■ ACTION ITEM ■
Leaving the pictures aside, reproduce the data in full and word for word.

■ DATA ■
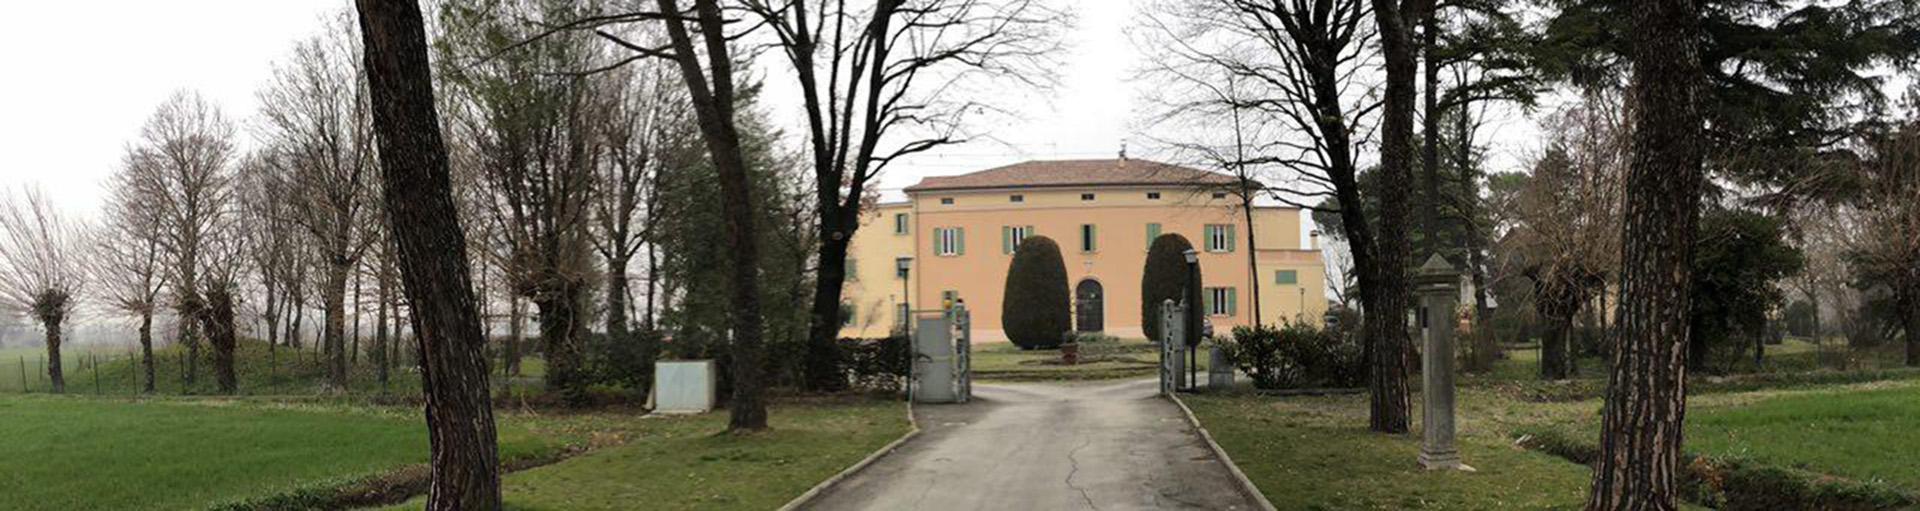 Suore Francescane Adoratrici
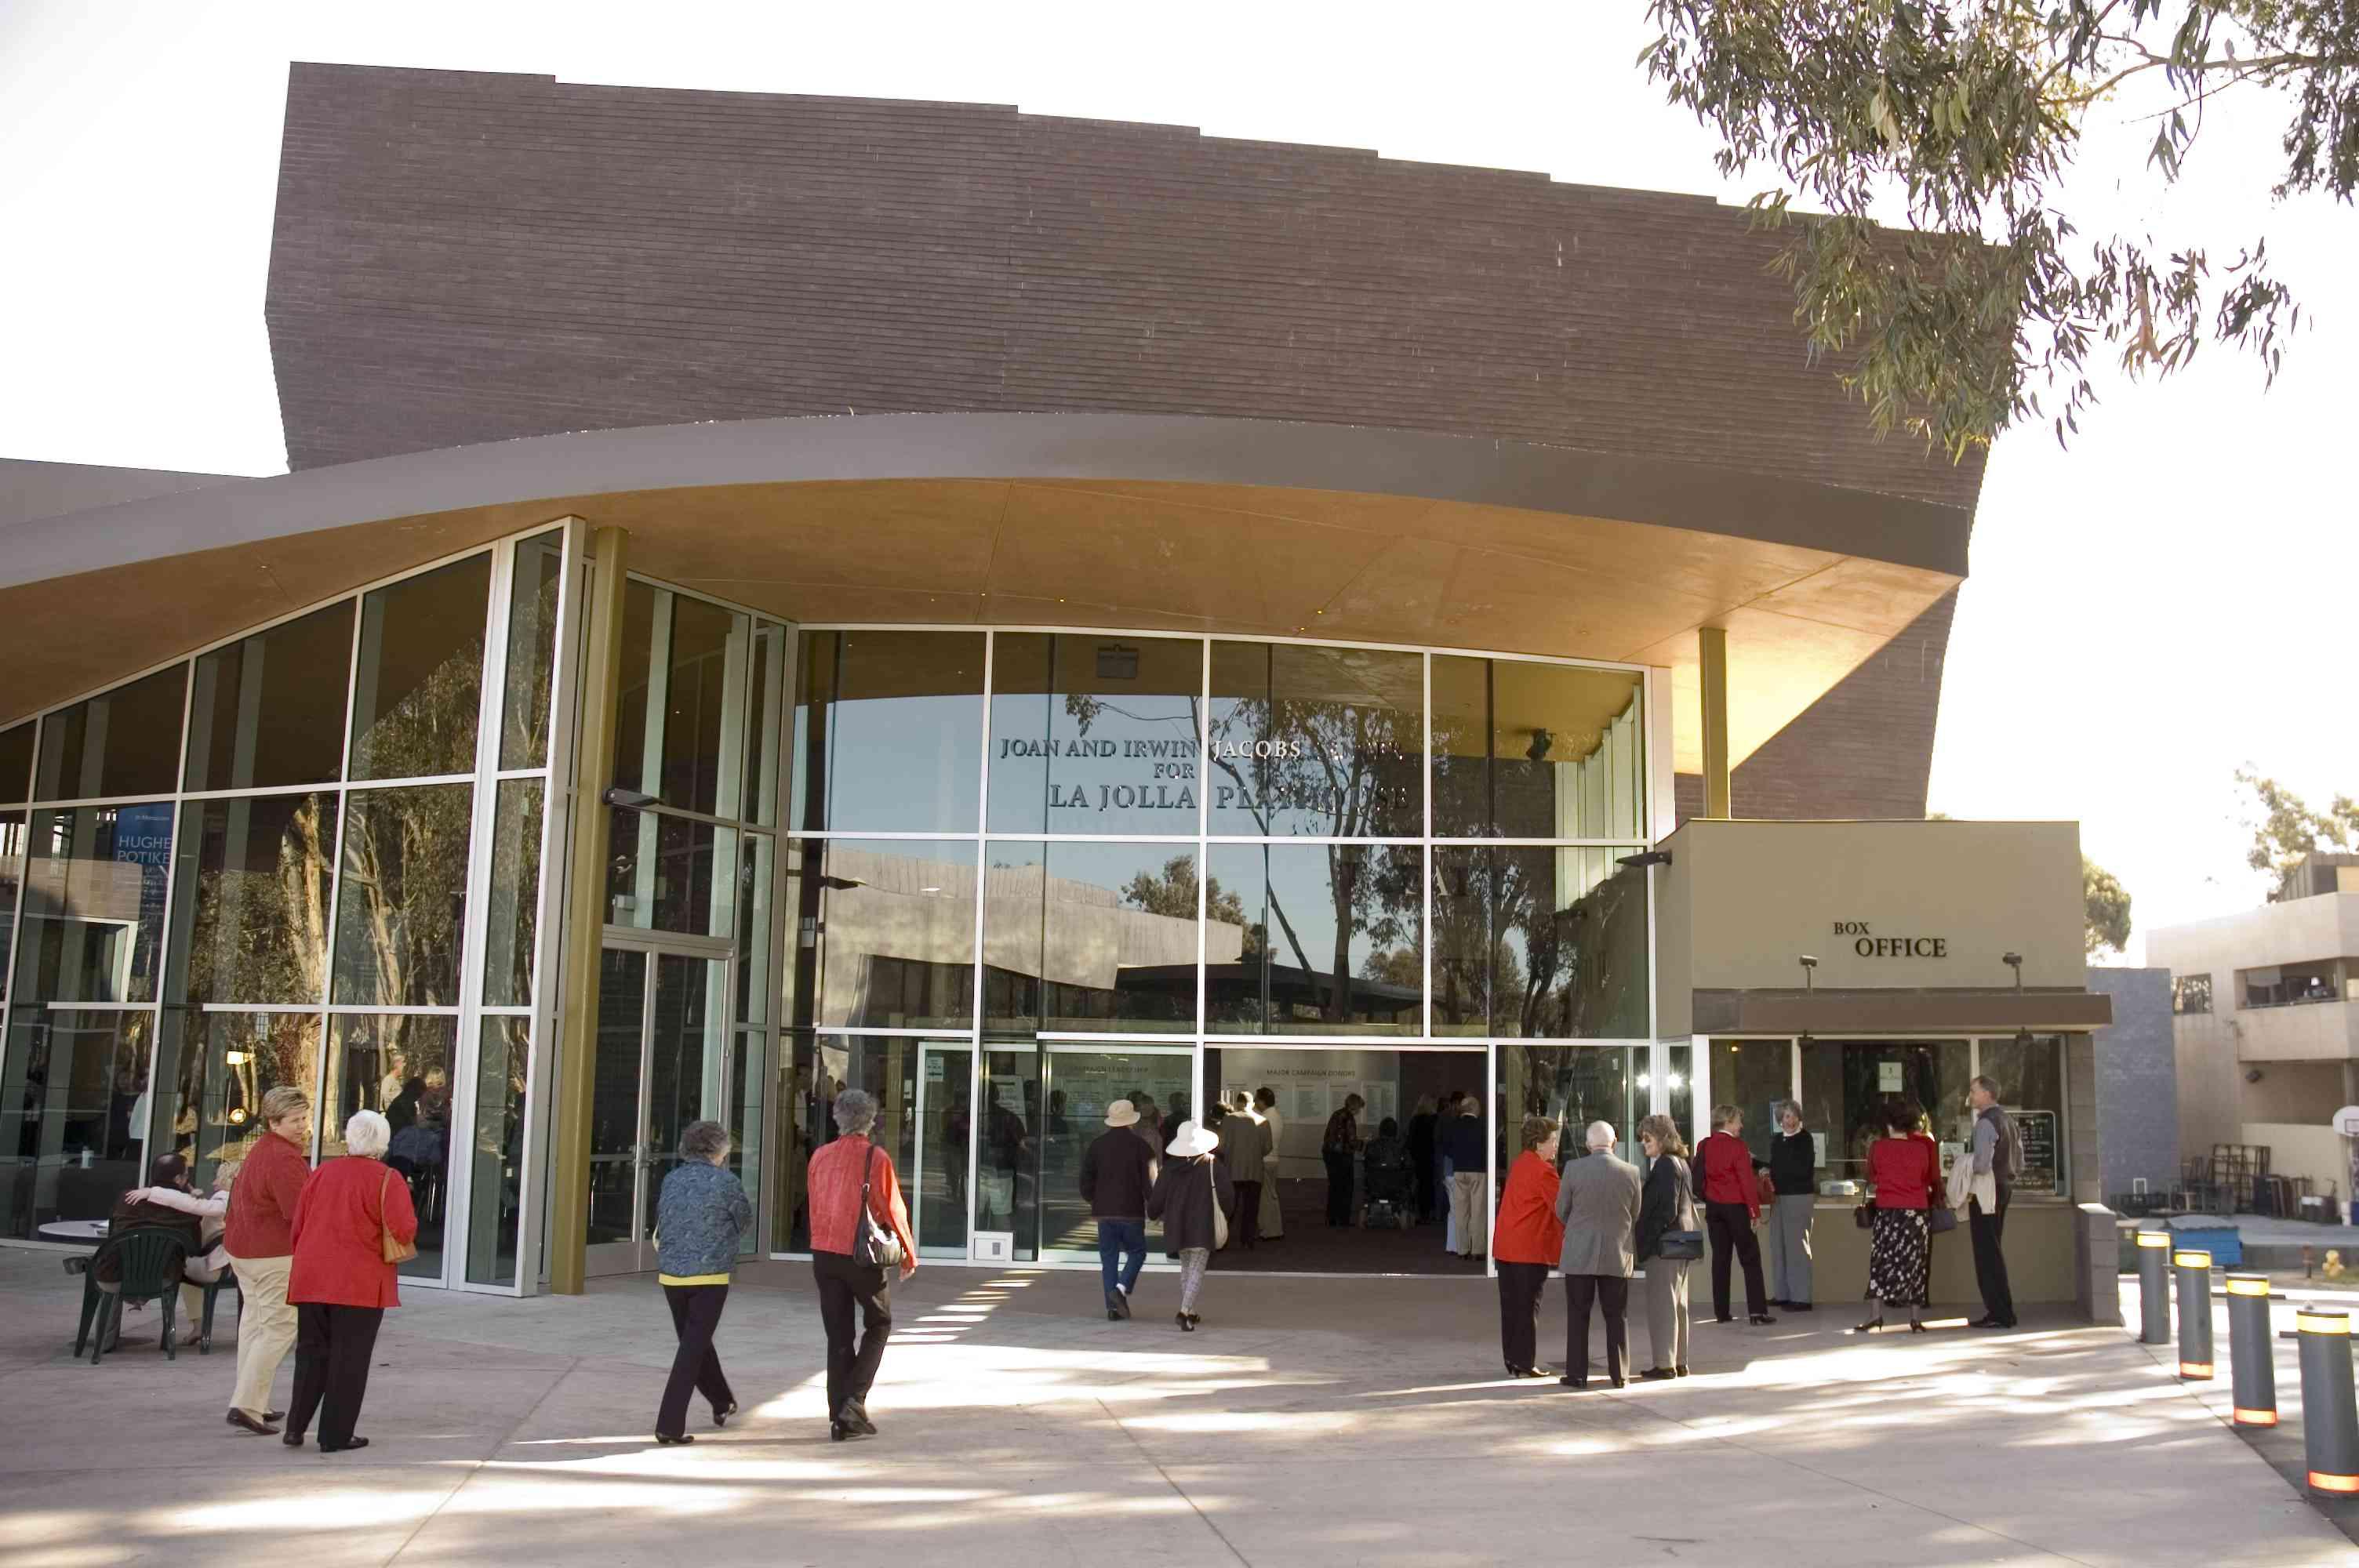 people walking into La Jolla Playhouse
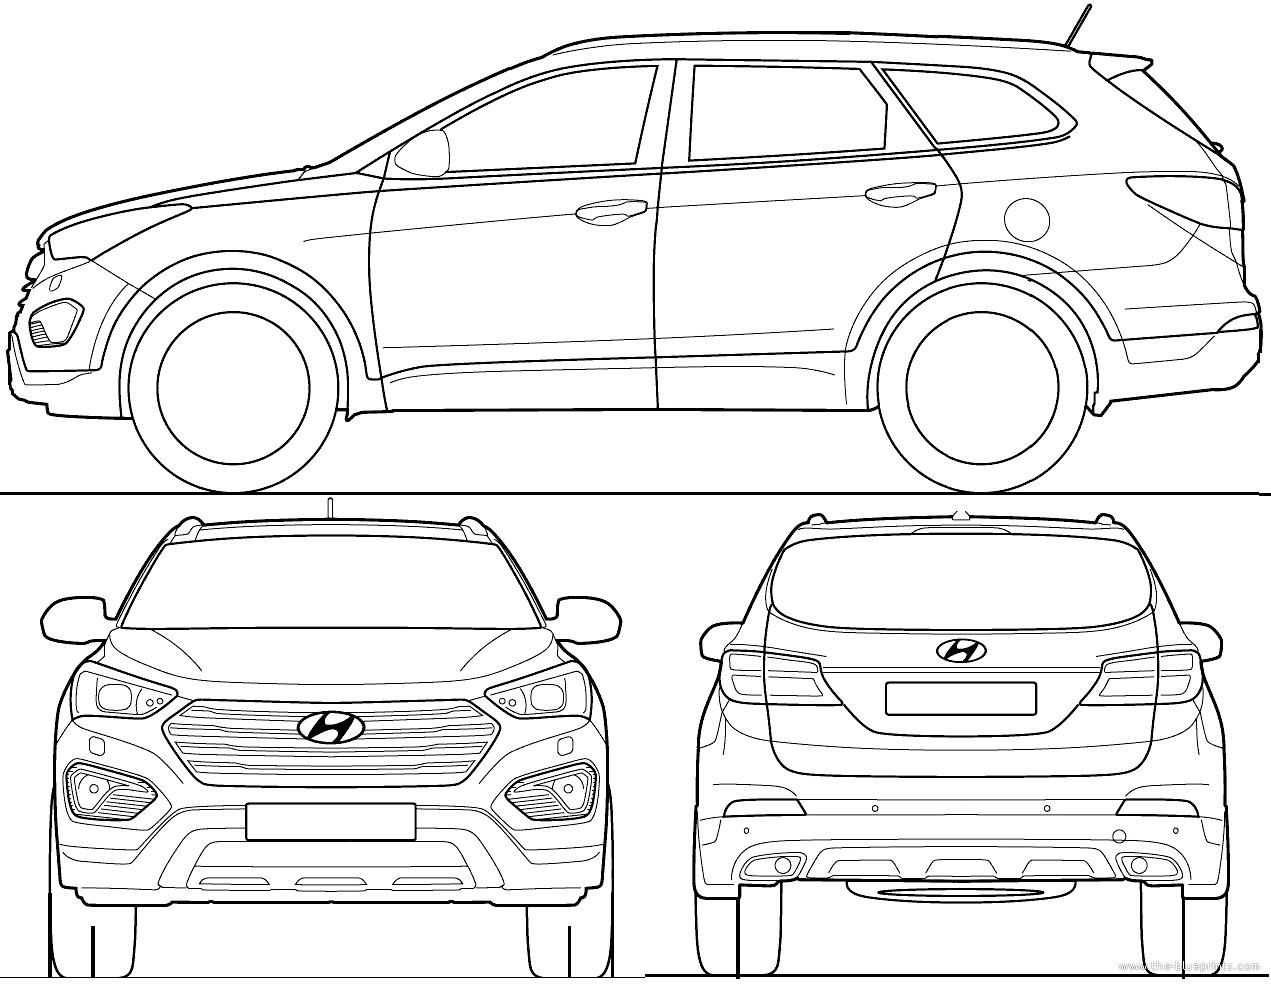 Blueprints Gt Cars Gt Hyundai Gt Hyundai Grand Santa Fe

■ ANSWER SECTION ■
 Suore Francescane Adoratrici
 people walking into La Jolla Playhouse
 Blueprints Gt Cars Gt Hyundai Gt Hyundai Grand Santa Fe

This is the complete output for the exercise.